● WHAT IS REQUIRED
In the entries below, find the line with "AA Aloes 100%" and the line with "huiselijk conservatief Sportman". Repeat exactly everything between them, those two lines included, but not the pictures.

● INPUT DATA
•••

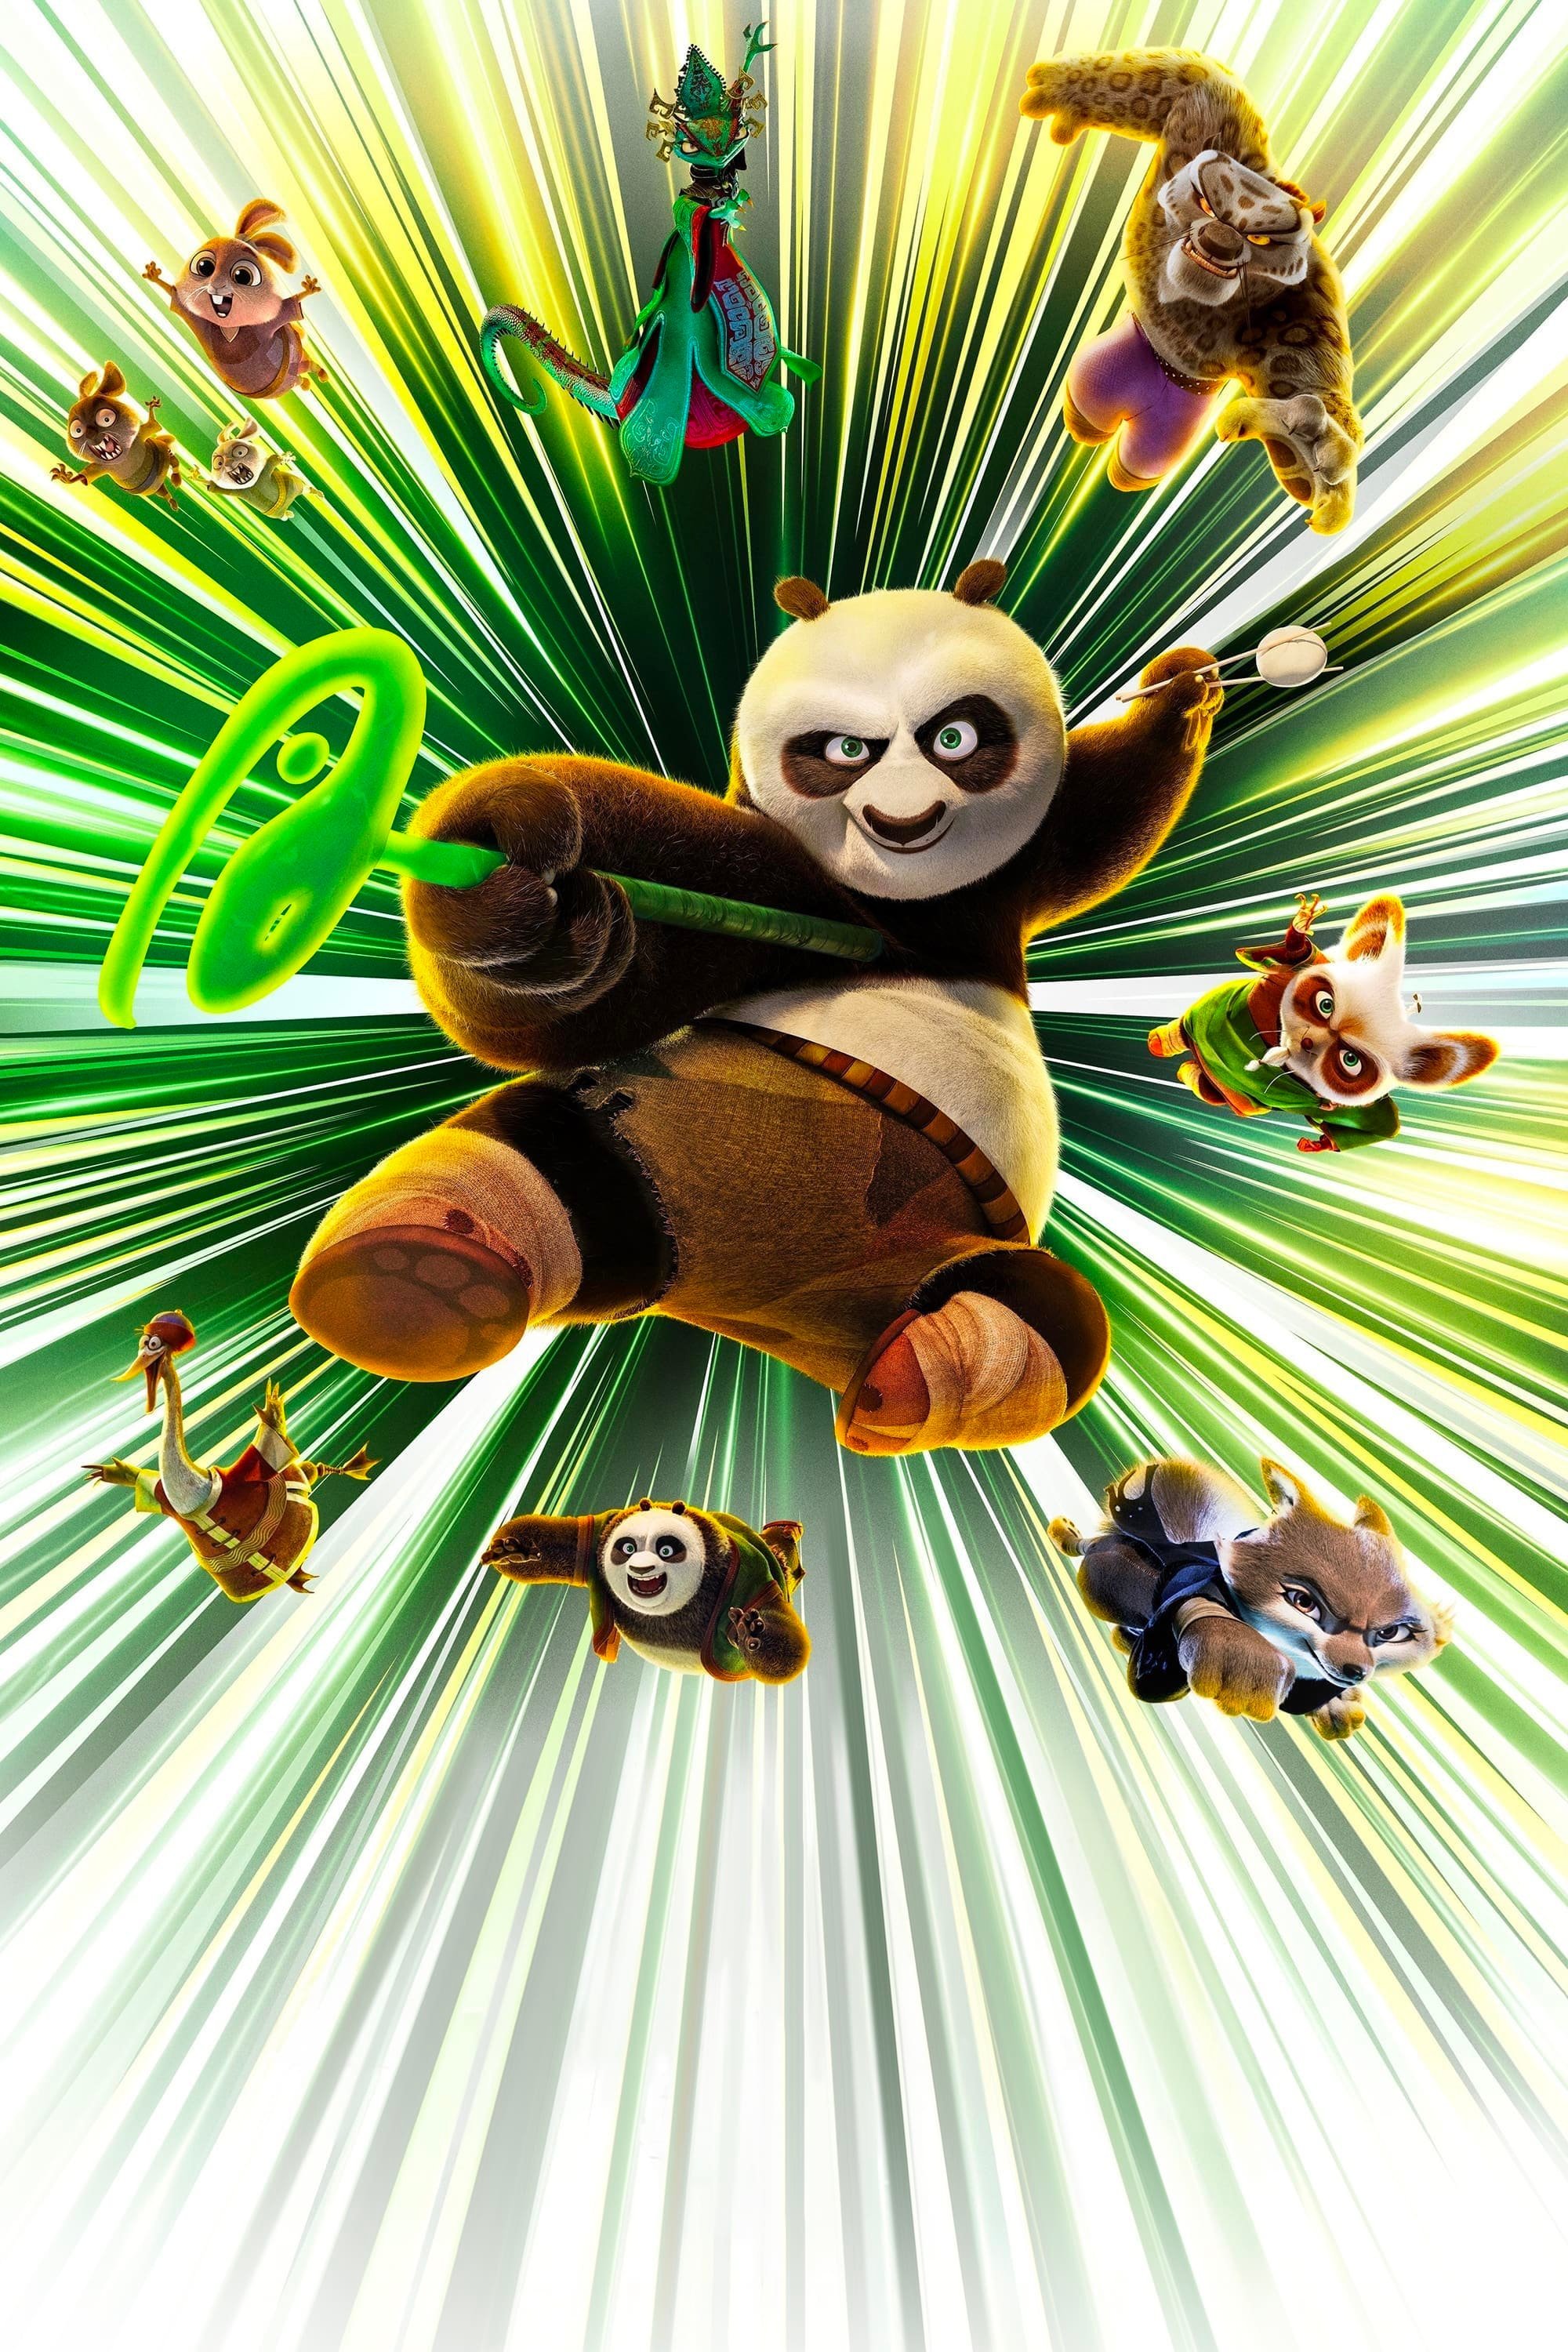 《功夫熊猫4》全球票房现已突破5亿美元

•••

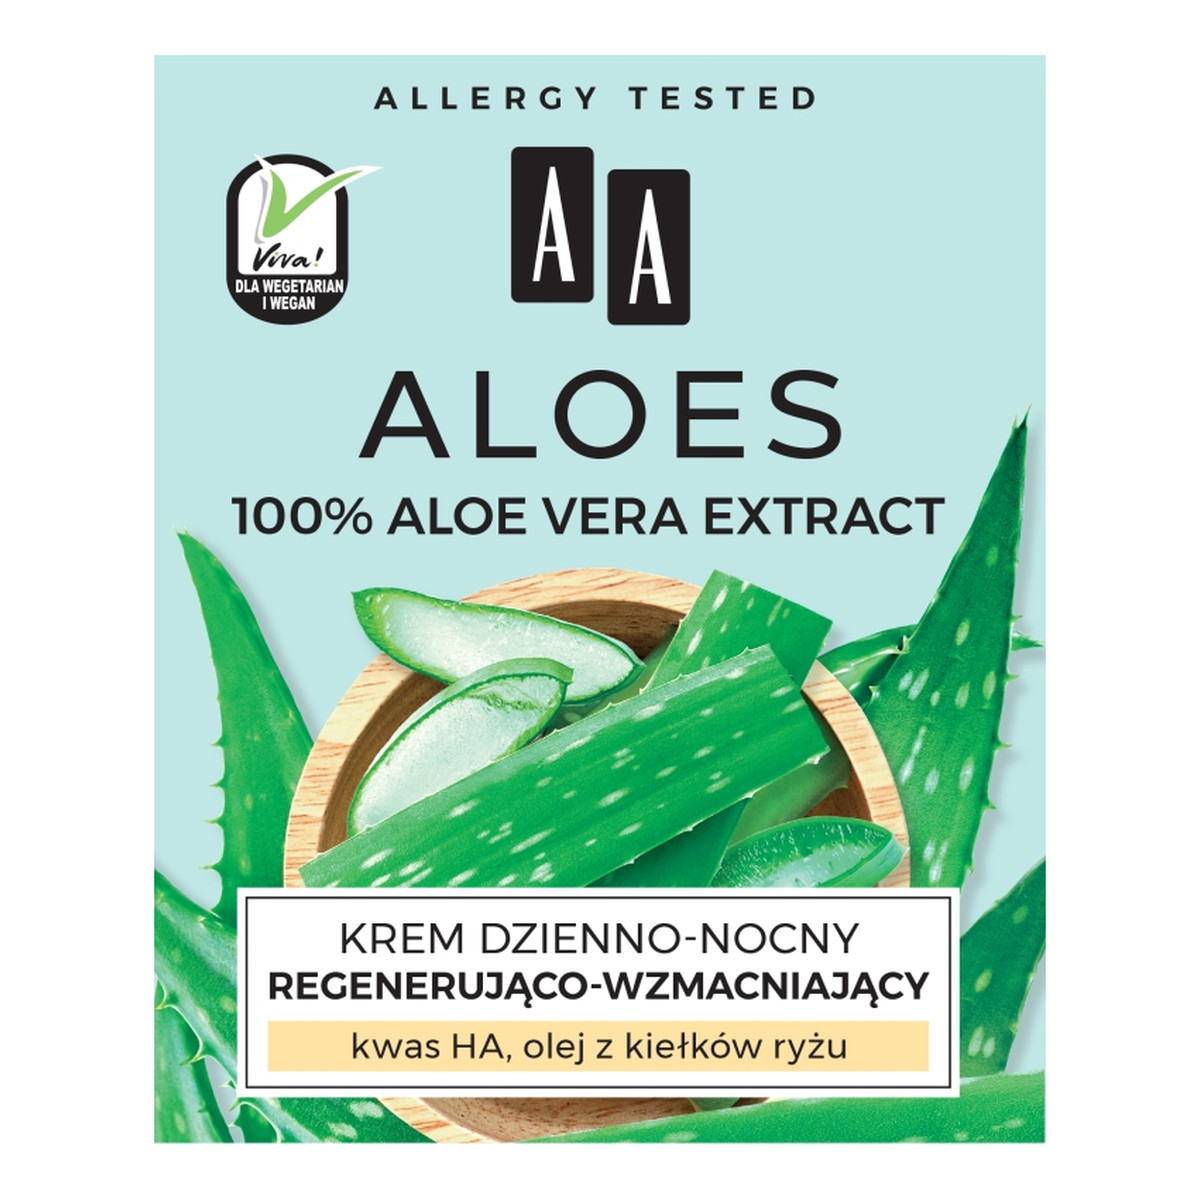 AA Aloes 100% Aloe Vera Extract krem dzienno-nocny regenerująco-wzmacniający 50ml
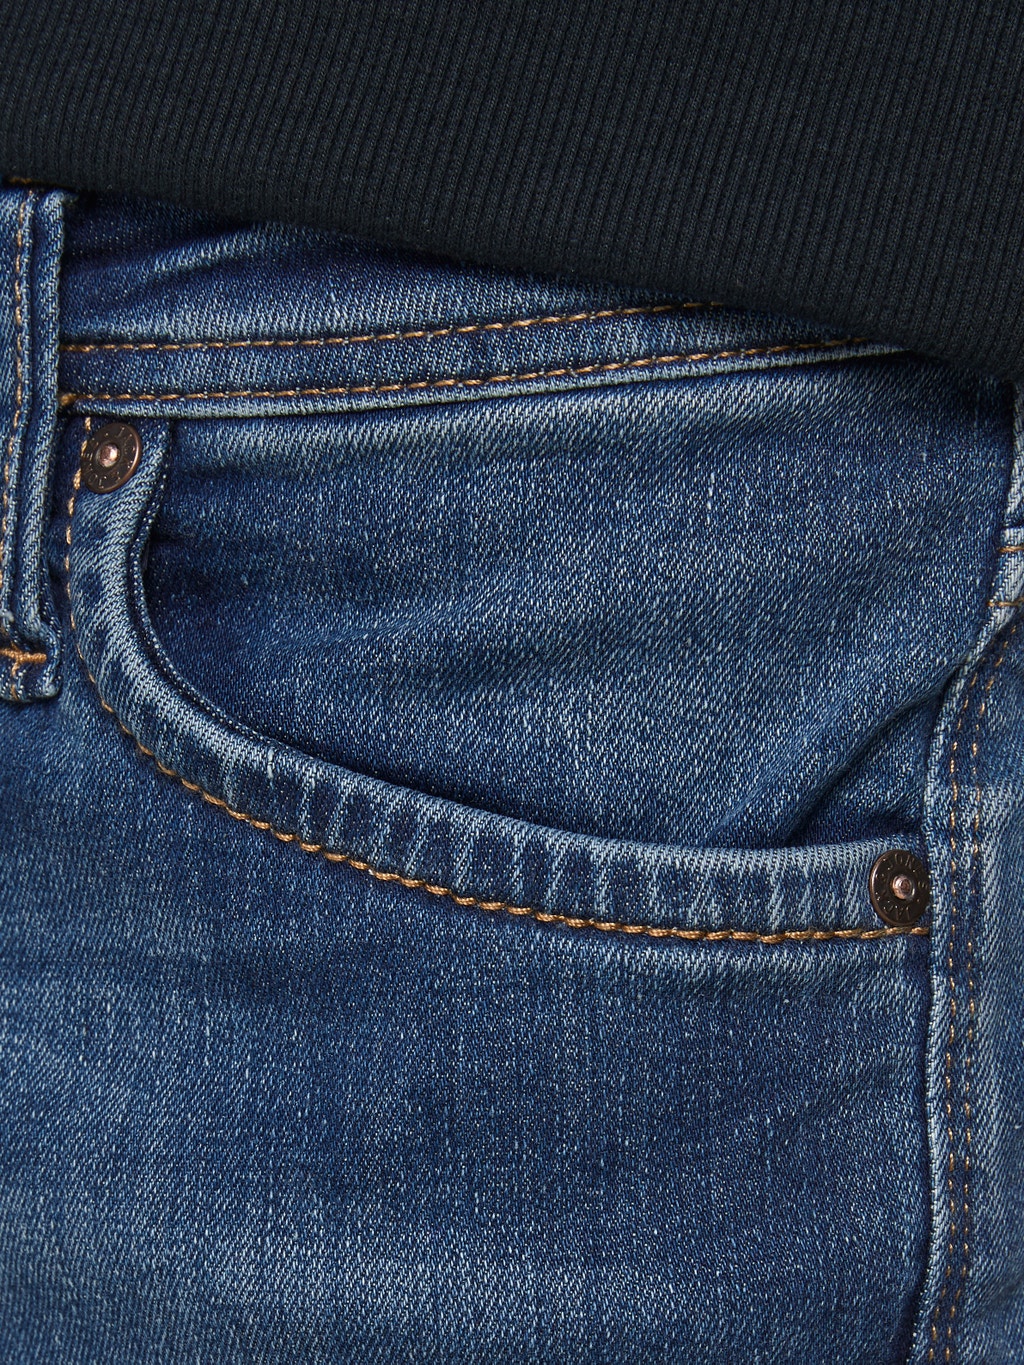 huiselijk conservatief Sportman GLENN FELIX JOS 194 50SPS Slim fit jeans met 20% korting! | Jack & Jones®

•••

● EXPECTED ANSWER
 AA Aloes 100% Aloe Vera Extract krem dzienno-nocny regenerująco-wzmacniający 50ml
 huiselijk conservatief Sportman GLENN FELIX JOS 194 50SPS Slim fit jeans met 20% korting! | Jack & Jones®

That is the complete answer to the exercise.